The Bolgiano company of Baltimore City managed to do away with one of the hoses by mounting the motor over the sink -- just how it was held in place is not clear.

We've a receipt for a motor dated 1894, but I can't believe that the company was too successful. After all, how many women would want to push their sewing machine into the bathroom before running up a seam?

Perhaps the most utilitarian of all the watermotors was that offered by H Q Hawley (I'd love to know what the Q stood for) of Albany, New York.

As early as 1875 he was anticipating problems with the water companies over lost profits from so much good clean water being used and then drained away by his motors.

He spent much time writing to them to assure them that his motors used very little water and that, if there was a shortage, the companies would be able to charge for it by volume and thus increase their revenues.

Surprisingly, as late as 1913, water power still had its advocates.

The German firm of Luft and Wasserkrafty of Dresden was advertising a motor and showed it fitted to a Willcox & Gibbs machine.

What's more surprising is that it appears from the drawing that the company had gone back to a piston motor with two cylinders and a complicated valve gear.

Steam et al

With steam being the prime motive power in industry in the 1880s, it's not surprising that there should have been attempts to miniaturize engines for use in the home.

Illustration No.1 shows what is, in theory, quite a practical solution, using the kitchen range as a heat source.

Although, unless a very long belt was used, I would have thought the lady's back might have got a little warm, especially during the summer months.

Picture 2 asks us to believe that a) an oil lamp would produce enough heat to boil sufficient water to provide the steam pressure necessary to run a machine under load and b) if it did some brave soul would sit with that same boiler at a little over her height! What on earth would the insurance companies have to say about it?

Picture 3, and from the look of the machine a very early print, almost appears to be using a hot-air engine which, given its size, I doubt would have produced the power necessary to drive the machine.
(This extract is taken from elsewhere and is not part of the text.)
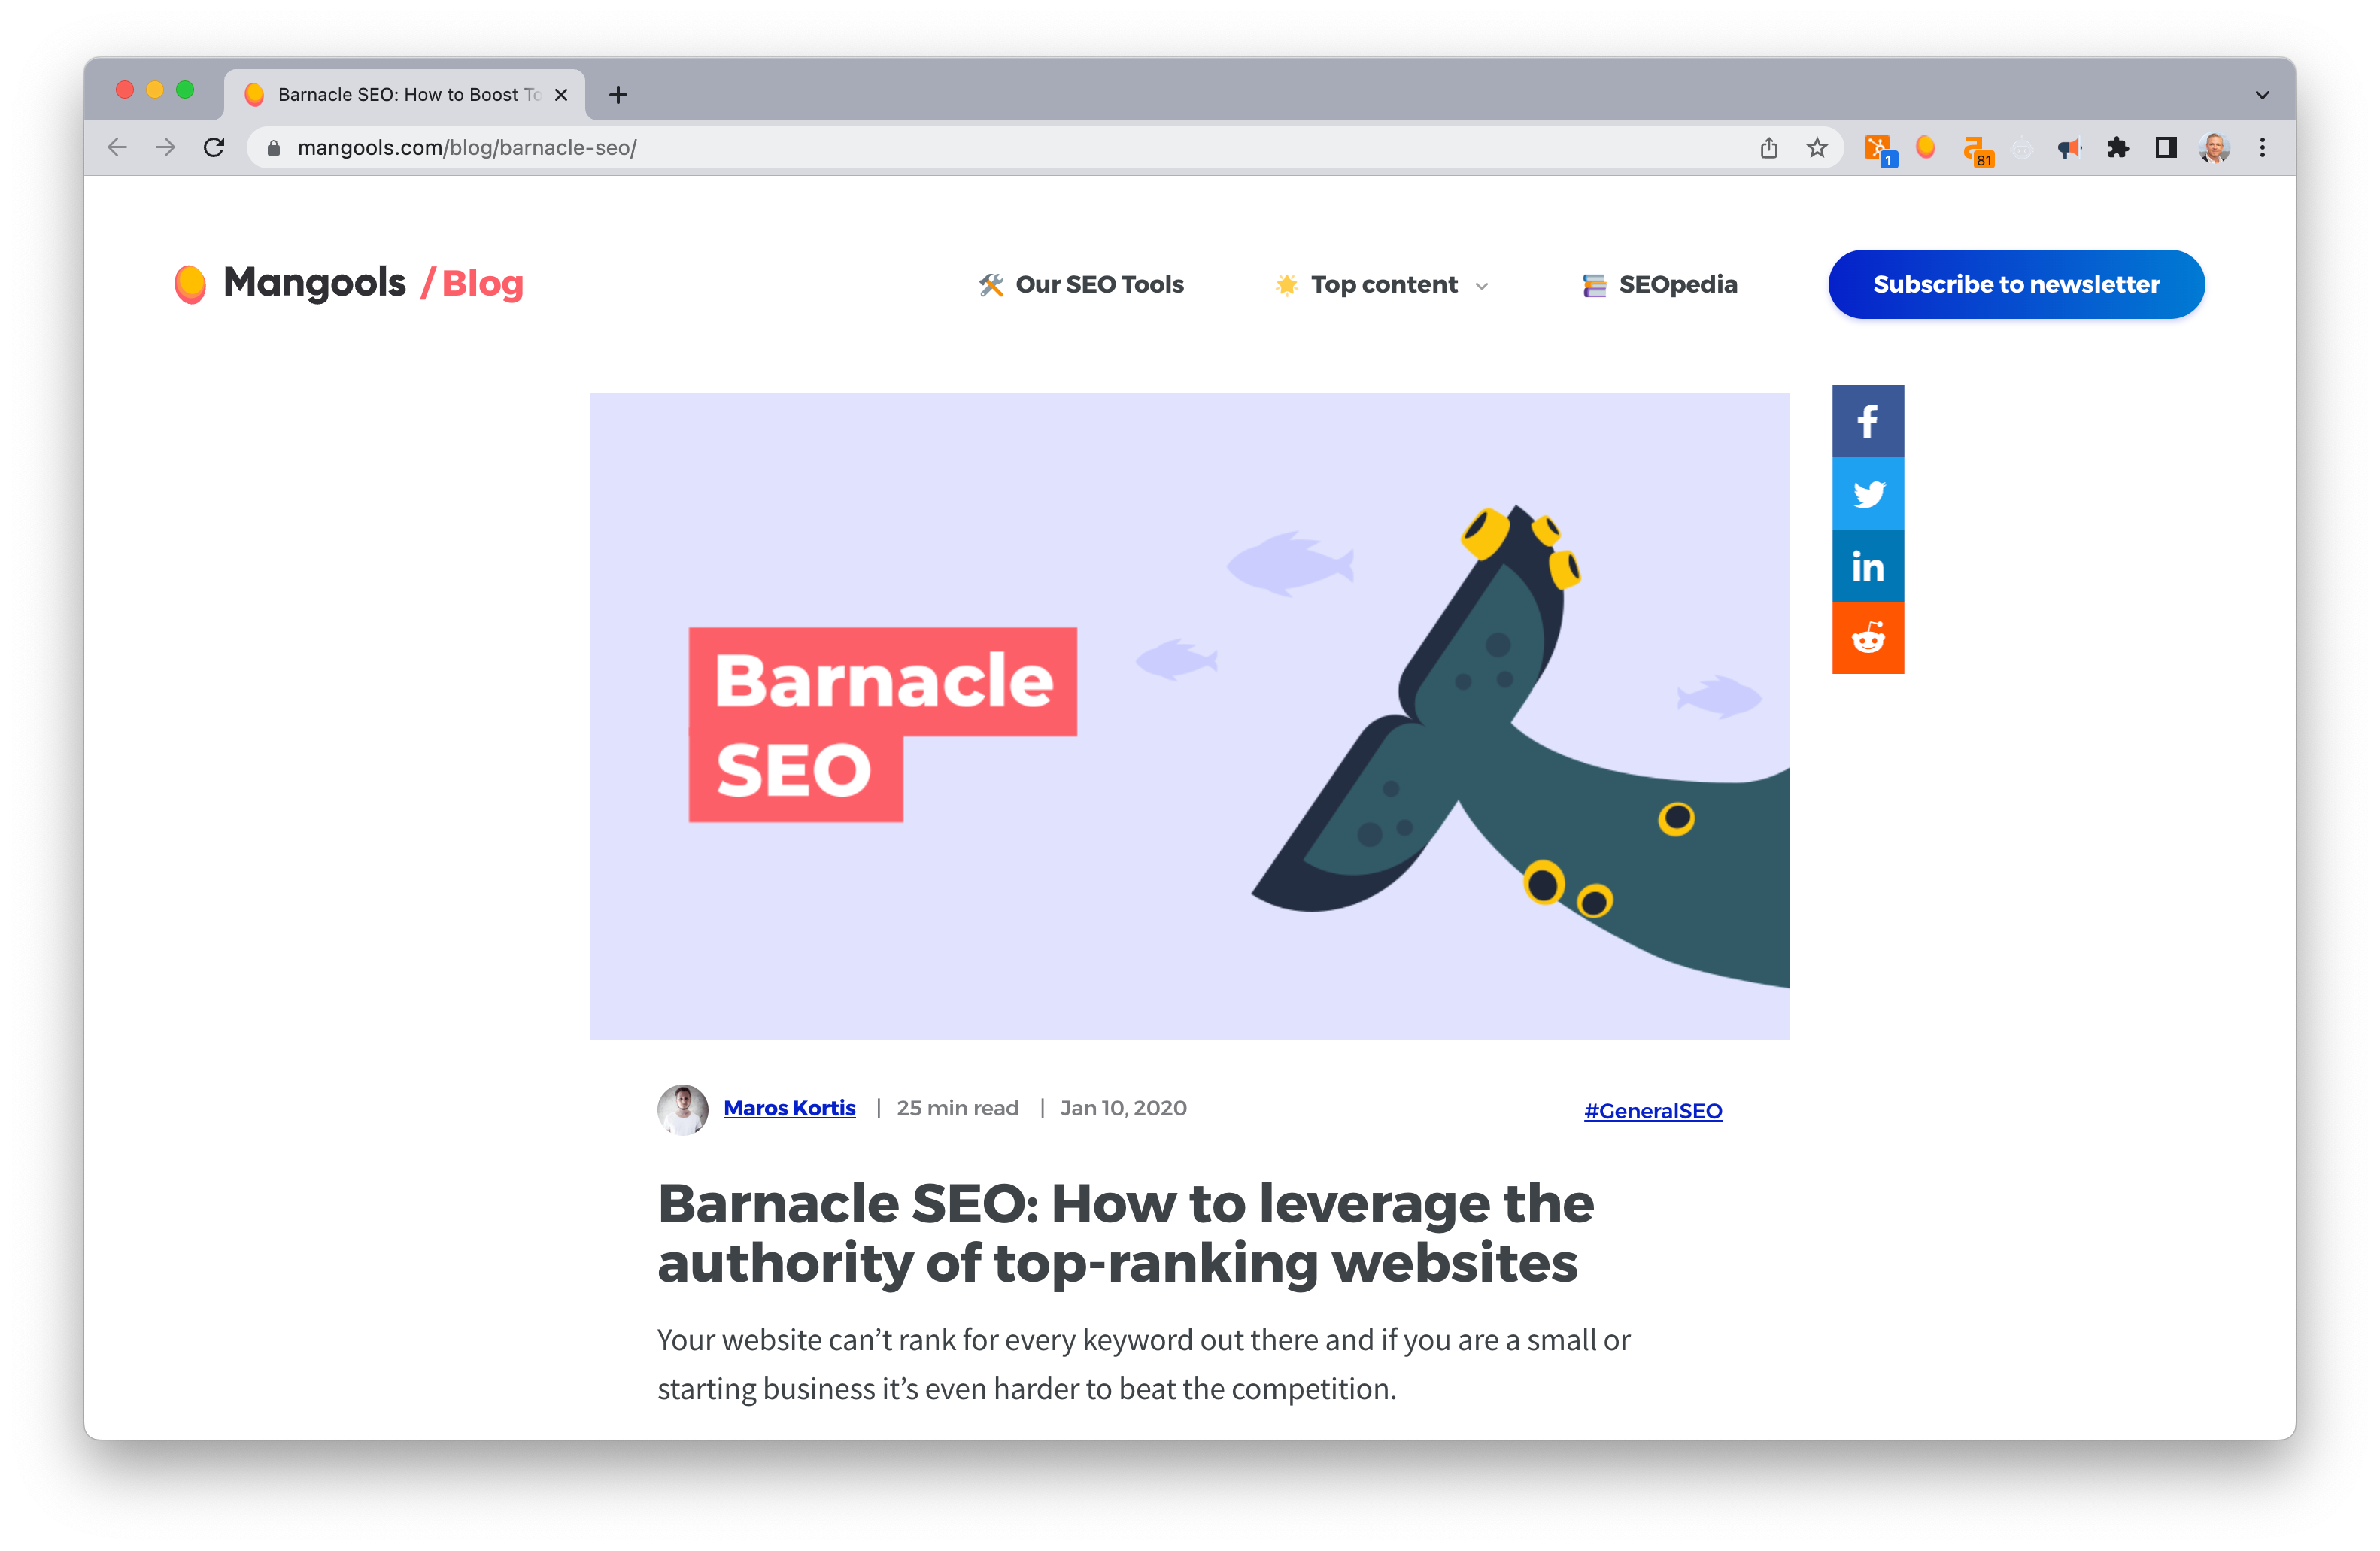 Screen Shot: Barnacle SEO: Boost your visibility by latching onto high-ranking websites

I wondered for a moment how one would stop and start it, but that's probably quite academic.

All the above have their limitations to say the least, but the Bisschop gas engine of 1880 was probably quite a practical proposition.

It was designed by J E H Andrew, a Stockport engineer, expressly to drive domestic sewing machines and with the need for fuel replenishment and the fear of boiler explosion done away with, it probably failed only on aesthetics.

Not every Victorian housewife would have wanted such an industrial piece of machinery in her sewing room, especially as oil engines were seldom odor free.

Electricity

We all know that this was the ultimate solution, but in the early years inventors battled to improve storage batteries in attempts to get machines to run for a decent period before batteries had to be re-charged with fresh diluted sulphuric acid.

The advent of mains AC electricity didn't bring a sweeping change and it wasn't until Singer promoted its own bolt-on motor in the 1920s that motorized sewing became an accepted form. And it was only after the second world war that electric machine began to outsell treadle and hand models.

We end with a picture from the 1920s by the Singer Company of a housewife plugging in for the first time

Even then it was necessary for the manufacturers to point out that it would only work if you had electricity in the home.

Perhaps the cleverest idea to come from the 1880s was this invention of New Jersey, USA, engineer Philip Diehl. He did away with the need for belting and the presence of a separate unit by building the motor into the drive wheel of the machine. He mounted the armature winding inside the flywheel and the field magnet inside it.